Покамест еще в селе на сходе кулижились, приговор писали, солдат Сикидин так, на запятках был: главный, конечно, Зиновей Лукич, язычных дел мастер. Ну, а теперь, как до дела дошло, тут как-то само собой, что Сикидин - главнокомандующий, и перед ним сжимается Зиновей Лукич, а уж про старика Онисима и говорить нечего: на всякое слово сикидинское - ротик оником, и все свое - "О? Во-от!"
Взобрались кверху, к зубцам. И вот у стены костерок красный, у костра - красная собака, вниз-вверх, мигнет-потухнет, и красный мужик - обхватил колени, в коленях ружье.
- Господе Исусе Христе, Сыне Божий...- набочок желтая головка Зиновей-Лукичева, и уж такой будто пригорбый, такой прихворый.- К матушке игуменье мы насчет, стало быть, этого... дровец... Да вот припоздали... Ну-ну-ну, собачка! Да Господь с тобой, собачка, что ты, что ты, собачка!
- Цыц, Белка, сядь!
На ошейнике - красная сторожена рука. Рука - шестипалая, шестой палец на отлете, упорный и твердый - кочетиная шпора, и мельтешатся в красном свете, тут-там мигают, торопятся желтые Зиновей-Лукичевы ручки, вокруг сторожа, Белки - паутину плетут: тоненькая - и не видать глазом.
Про какую-то собаку генеральскую, про Серафима Саровского. Напакостила собака на паперти, а он батюшка, жезлом своим святительским тут же на паперти ее и прогвоздил. А вот тоже в Нил-Столбенском скиту кобель причастие проглотил, и в ту пору ж у кобеля - морда человечья, и говорит кобель тот самый...
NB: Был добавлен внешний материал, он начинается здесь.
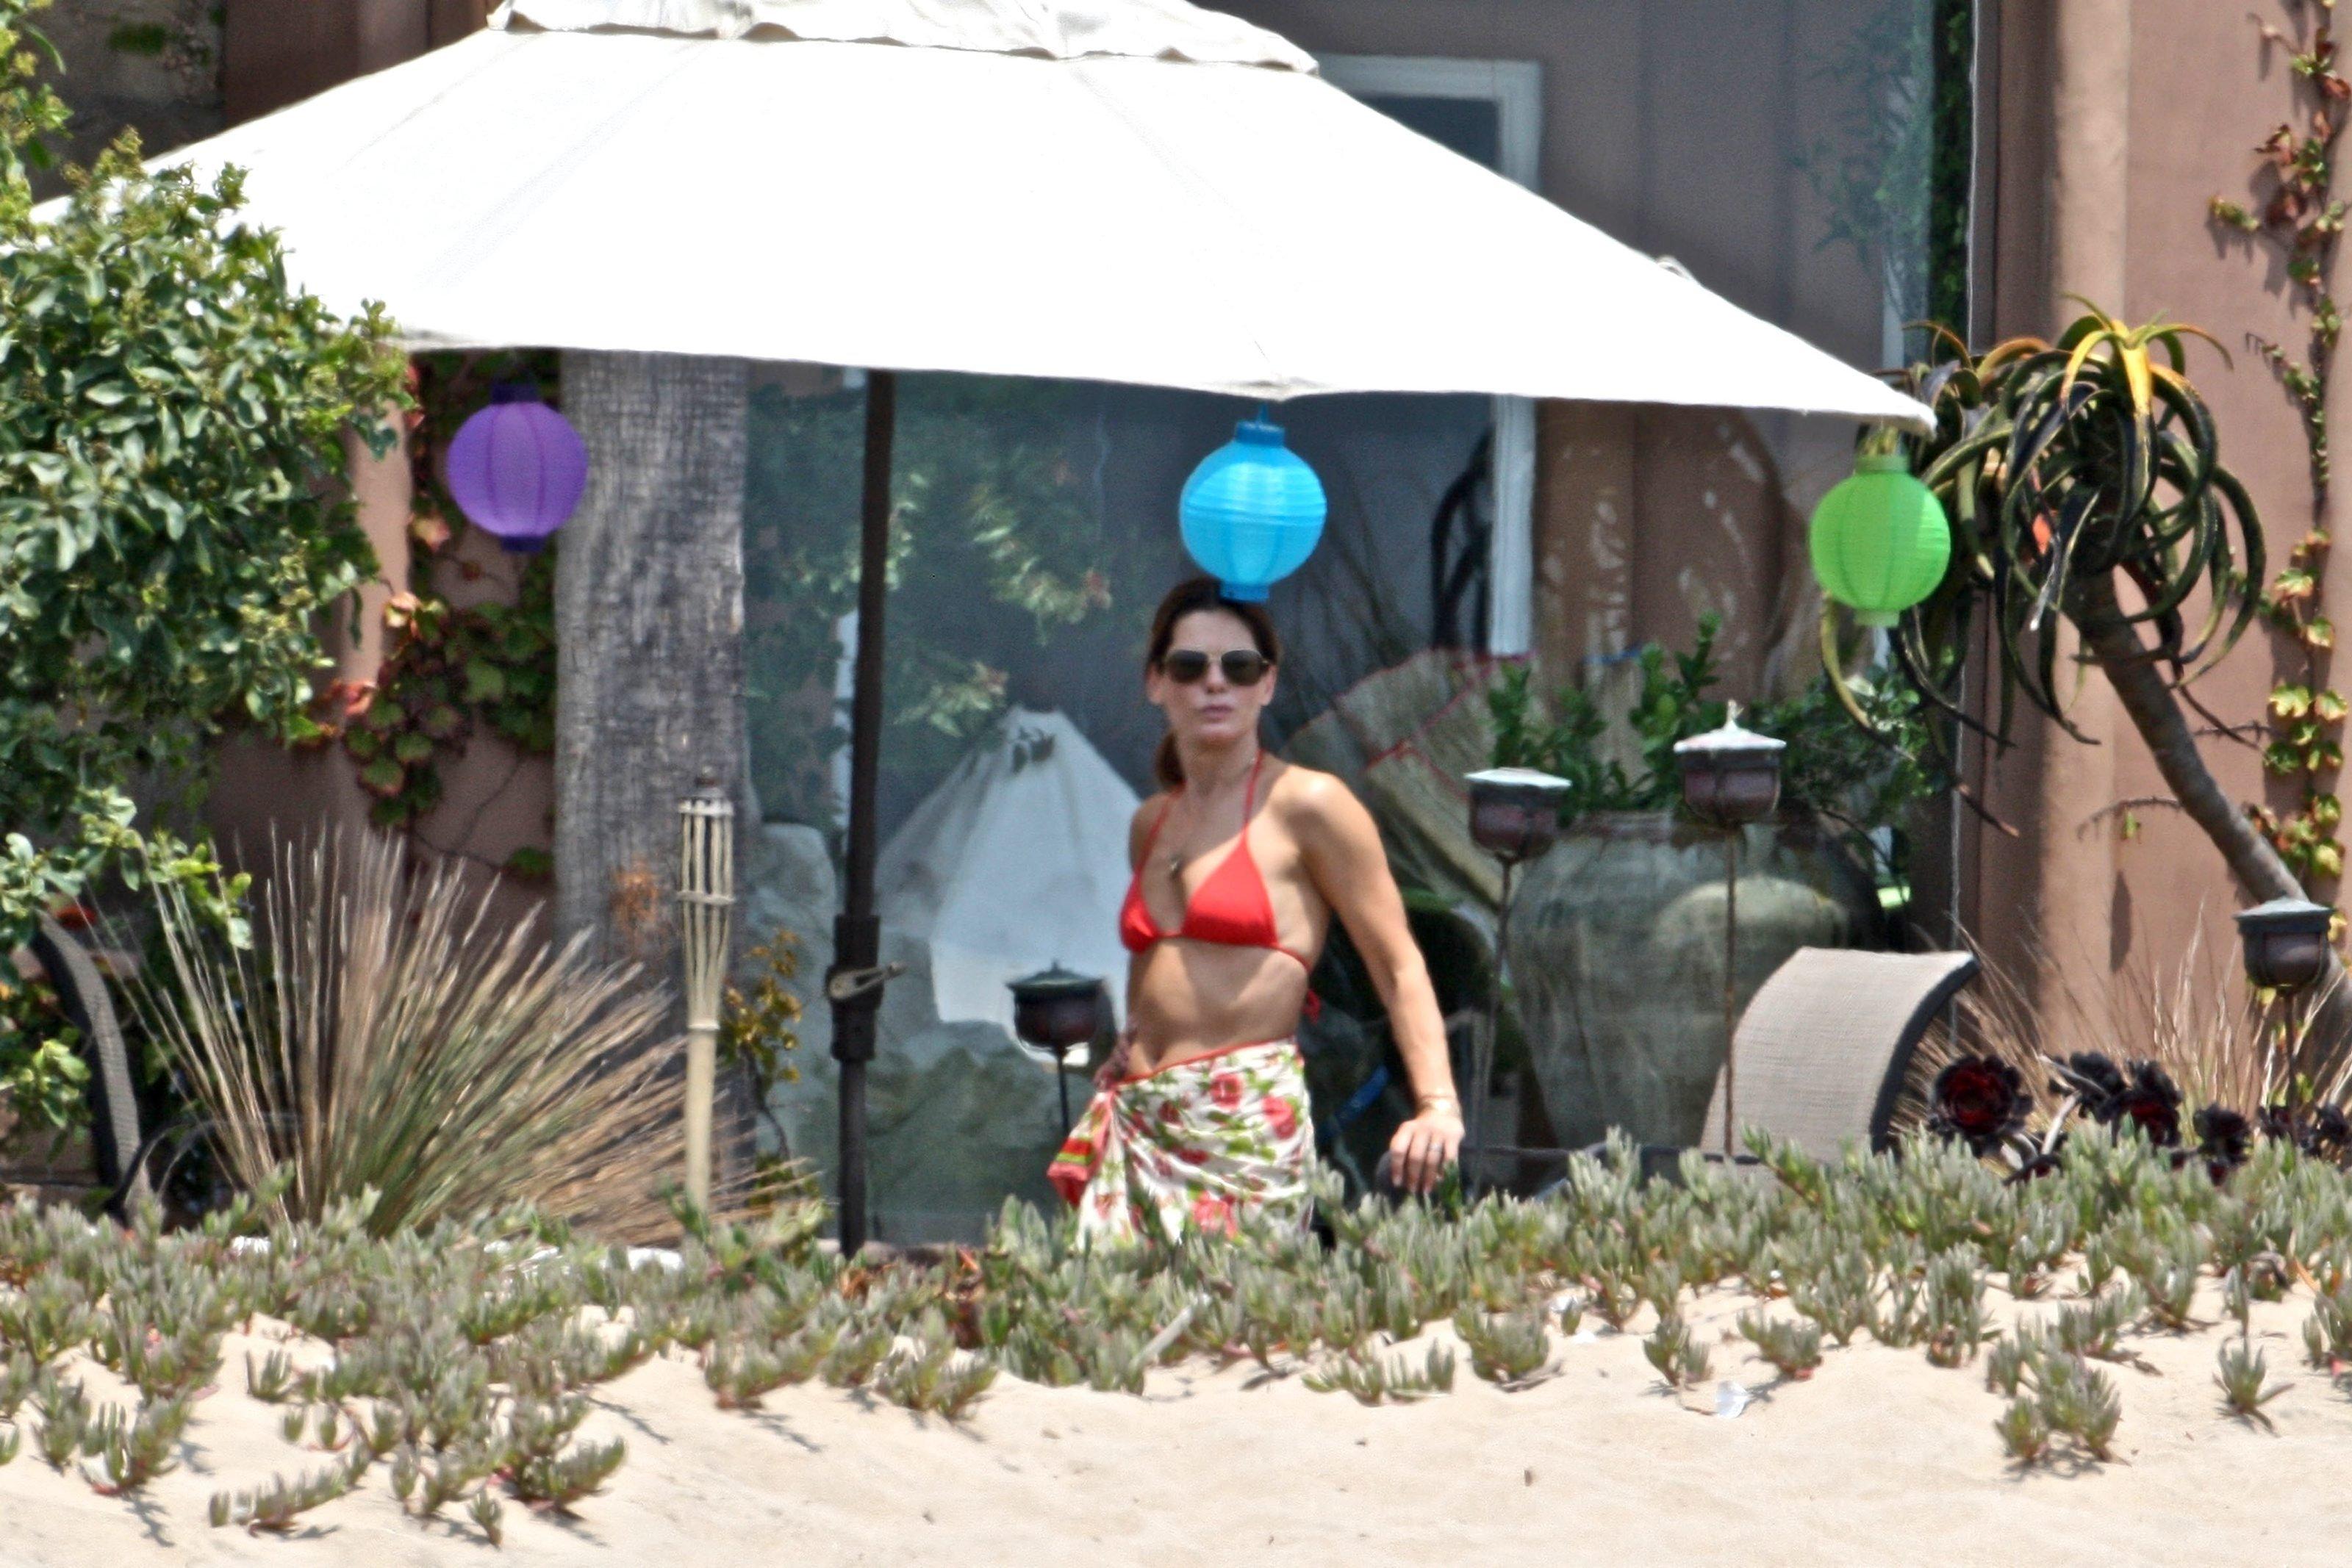 79735_Celebutopia-Sandra_Bullock_in_top_bikini_and_husband_host_an_Independence_Day_beach_party-13_122_1073lo.jpg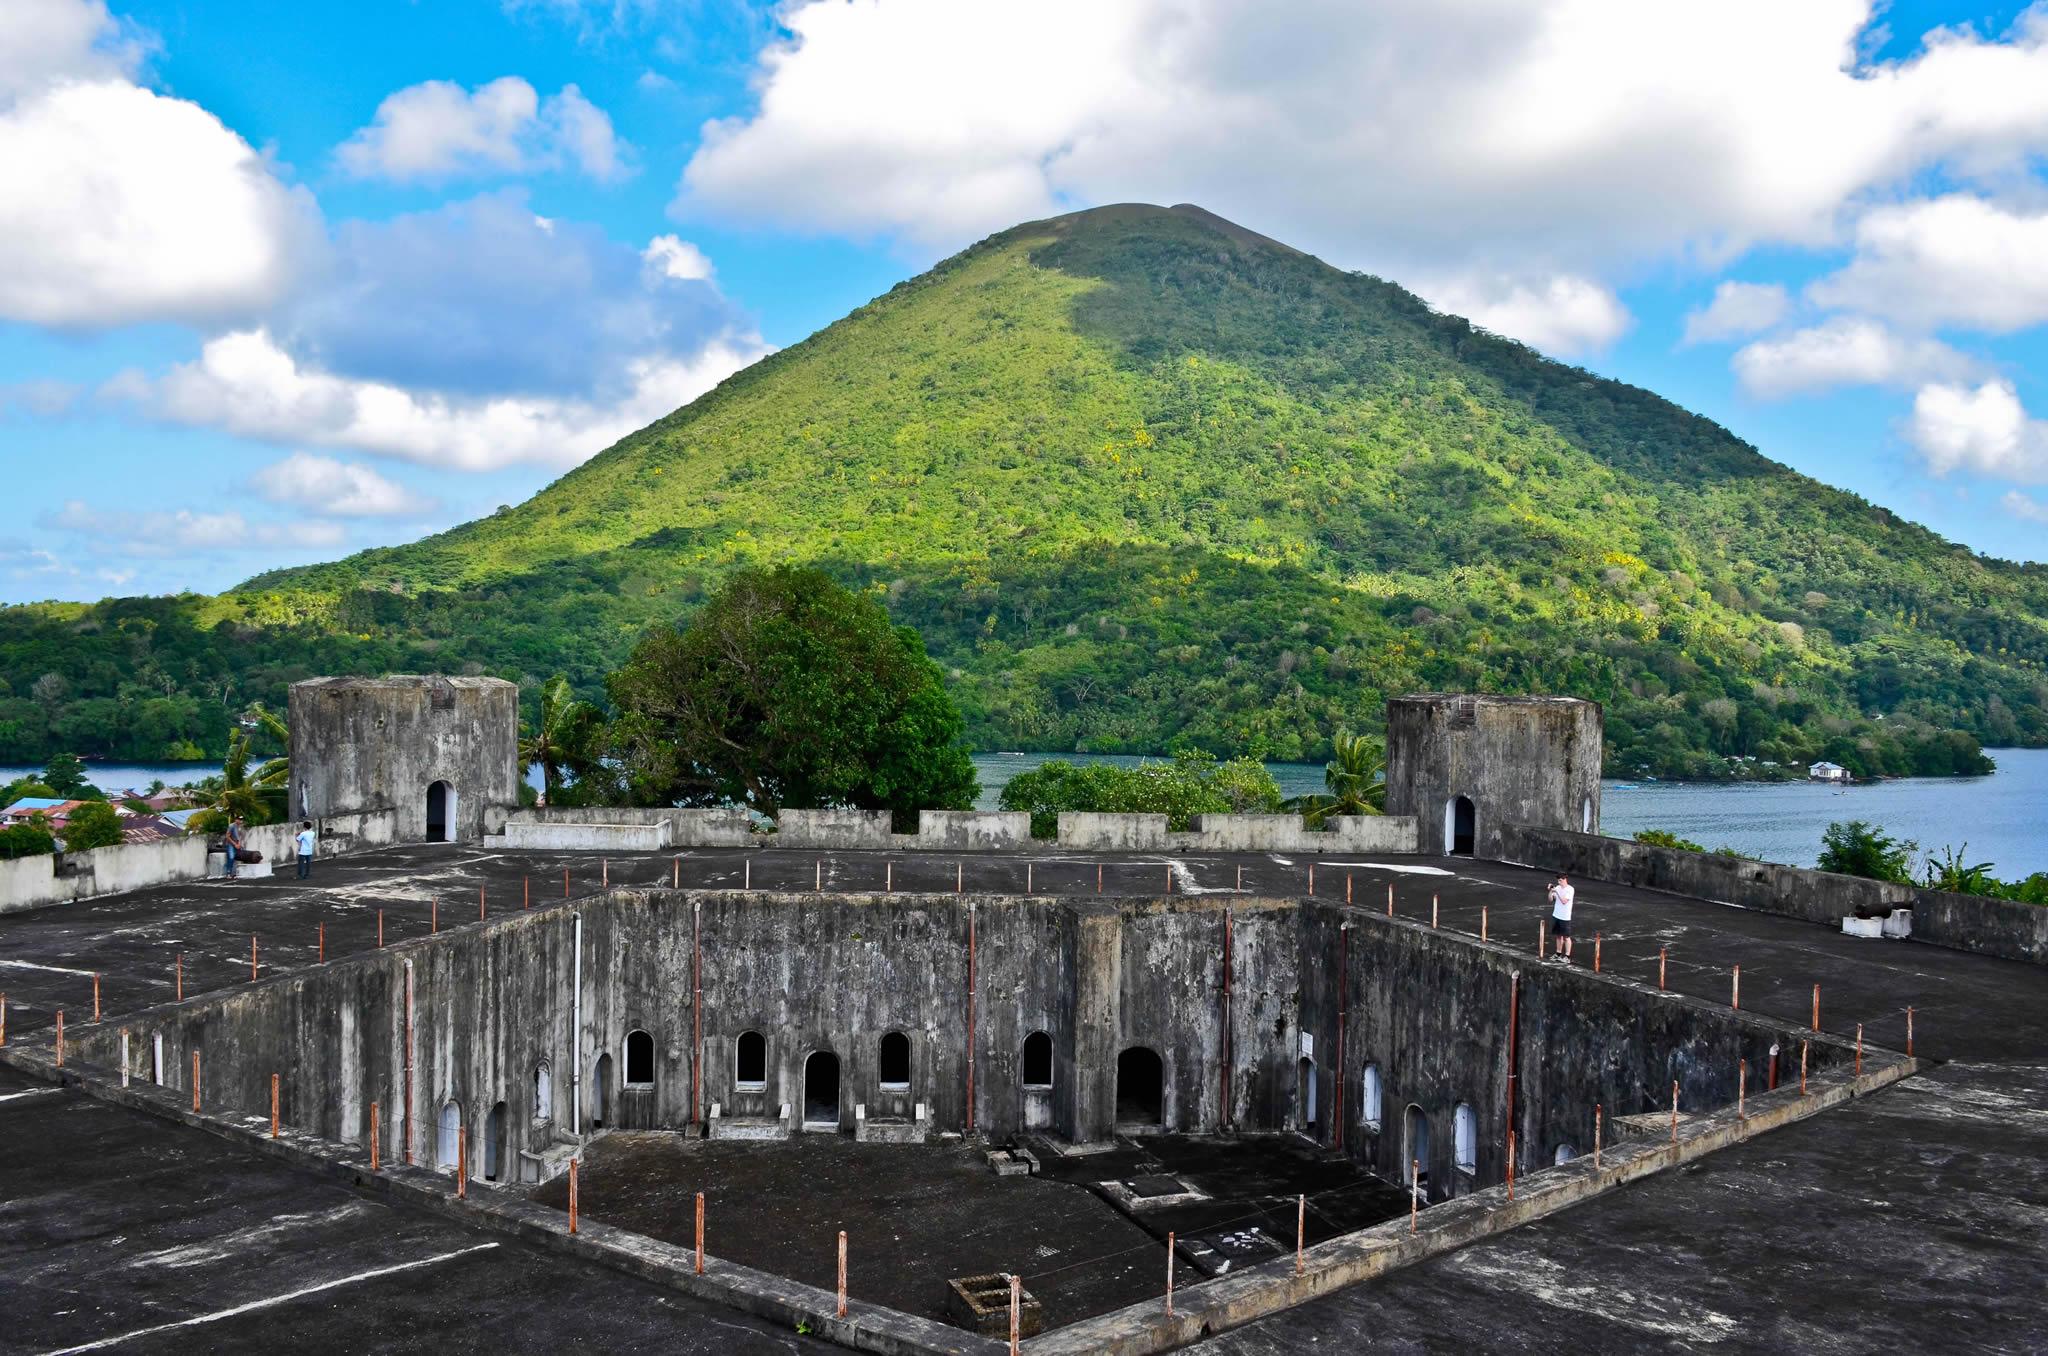 Fort Belgica, overseeing the Gunung Api volcano. Image : Wikipedia

Обметало паутиной. Кочетиный палец не шевелится. Белка морду положила на передние лапы, глаза зажмурила...
- Пойти хворосту, что ли, подкинуть...- потянулся Сикидин, встал лениво. Исподлобья желтым глазом проводила его Белка и исподлобья - Зиновей Лукич.
- И говорит кобель тот самый: правосла... православные...
Зашелся дух у Зиновей Лукича: "Владычица... Сподручница грешных, помоги!" Увидал сзади над сторожем сикидинские зубы.
Раз! - сверкнули зубы - глухо мукнул, как бык, сторож - и на земле, с сикидинским гарусным шарфом во рту.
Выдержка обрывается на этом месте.